Department of Applied Chemistry, Graduate School of Urban Environmental Sciences , Tokyo Metropolitan University , Minamiohsawa , Hachioji, Tokyo 192-0397 , Japan.
Department of Chemistry, Beijing Key Laboratory of Microanalytical Methods and Instrumentation, MOE Key Laboratory of Bioorganic Phosphorus Chemistry & Chemical Biology , Tsinghua University , Beijing 100084 , China.
Anal Chem. 2018 Apr 17;90(8):5329-5334. doi: 10.1021/acs.analchem.8b00463. Epub 2018 Apr 3.

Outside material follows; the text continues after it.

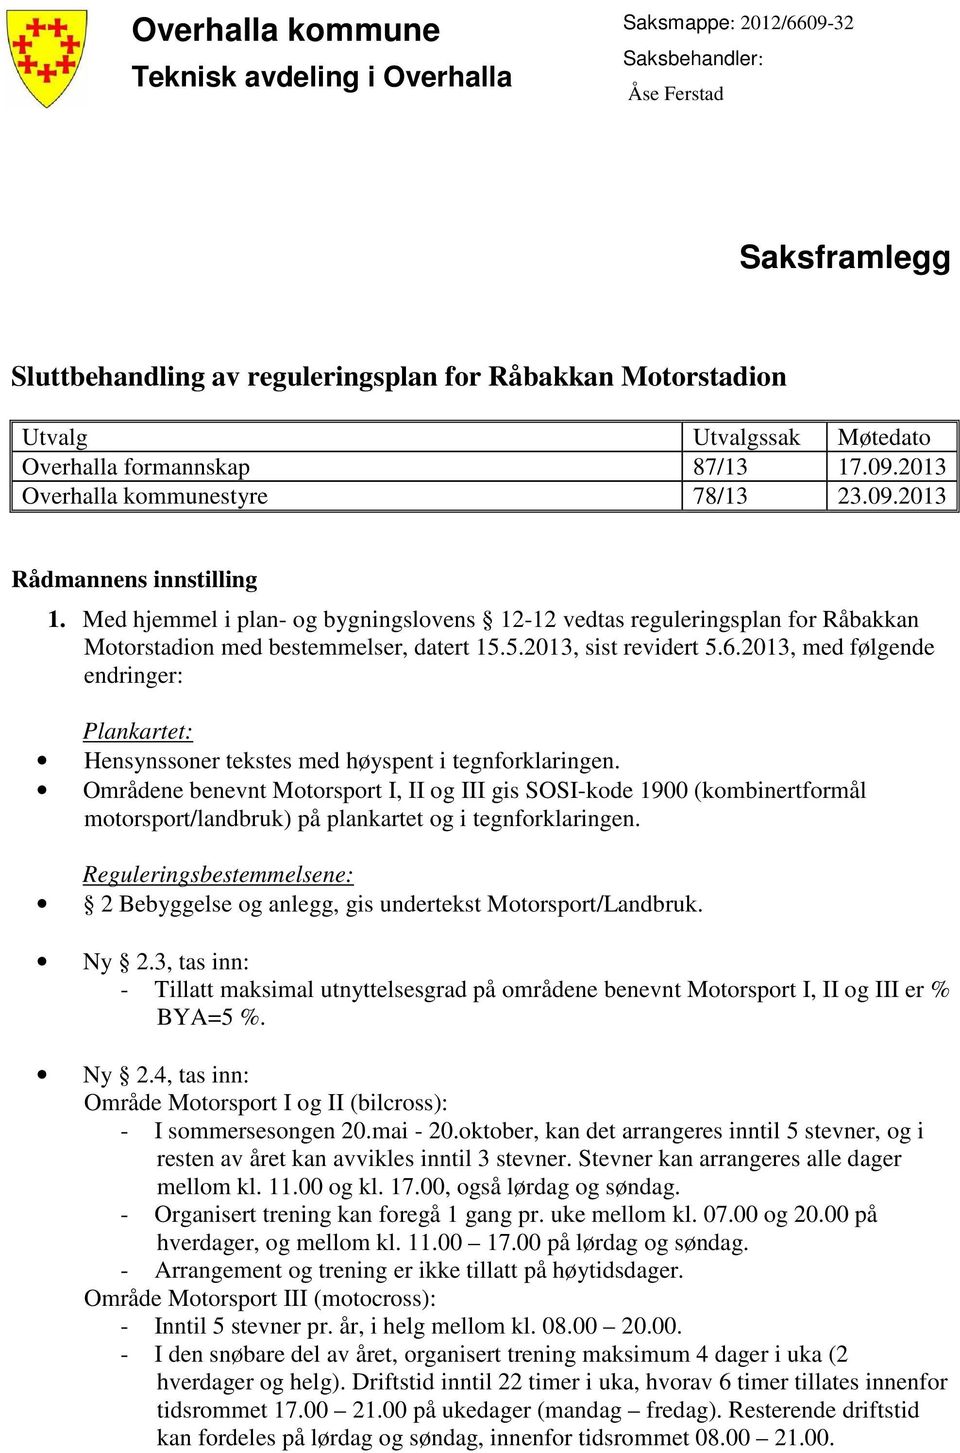 Med hjemmel i plan- og bygningslovens 12-12 vedtas reguleringsplan for Råbakkan Motorstadion med bestemmelser, datert 15.5.2013, sist revidert 5.6.

We report on the development of a novel and flexible online digital polymerase chain reaction (dPCR) system. The system was composed of three parts: an inkjet for generating the droplets, a coiled fused-silica capillary for thermal cycling, and a laser-induced fluorescence detector (LIFD) for positive droplet counting. Upon inkjet printing, monodisperse droplets were continuously generated in the oil phase and then introduced into the capillary in the form of a stable dispersion. The droplets containing one or zero molecules of target DNA passed through the helical capillary that was attached to a cylindrical thermal cycler for PCR amplification, resulting in the generation of fluorescence for the DNA-positive droplet. After 36 PCR cycles, the fluorescence signal intensity was detected by laser-induced fluorescence located at the downstream of the capillary, followed by a positive/negative counting. The present system was successfully applied to the absolute quantification of the HPV sequence in Caski cells with dynamic ranges spanning 4 orders of magnitude.
我们报告了一种新颖且灵活的在线数字聚合酶链反应 (dPCR) 系统的开发。该系统由三部分组成:用于生成液滴的喷墨装置、螺旋熔融硅毛细管用于热循环,以及用于正液滴计数的激光诱导荧光检测器 (LIFD)。在喷墨打印时,单分散液滴连续在油相中生成,然后以稳定分散体的形式引入毛细管。含有一个或零个靶 DNA 分子的液滴通过螺旋毛细管传递,该毛细管连接到圆柱形热循环仪进行 PCR 扩增,导致 DNA 阳性液滴产生荧光。经过 36 个 PCR 循环后,激光诱导荧光位于毛细管下游处检测荧光信号强度,随后进行阳性/阴性计数。该系统成功应用于 Caski 细胞中 HPV 序列的绝对定量,动态范围跨越 4 个数量级。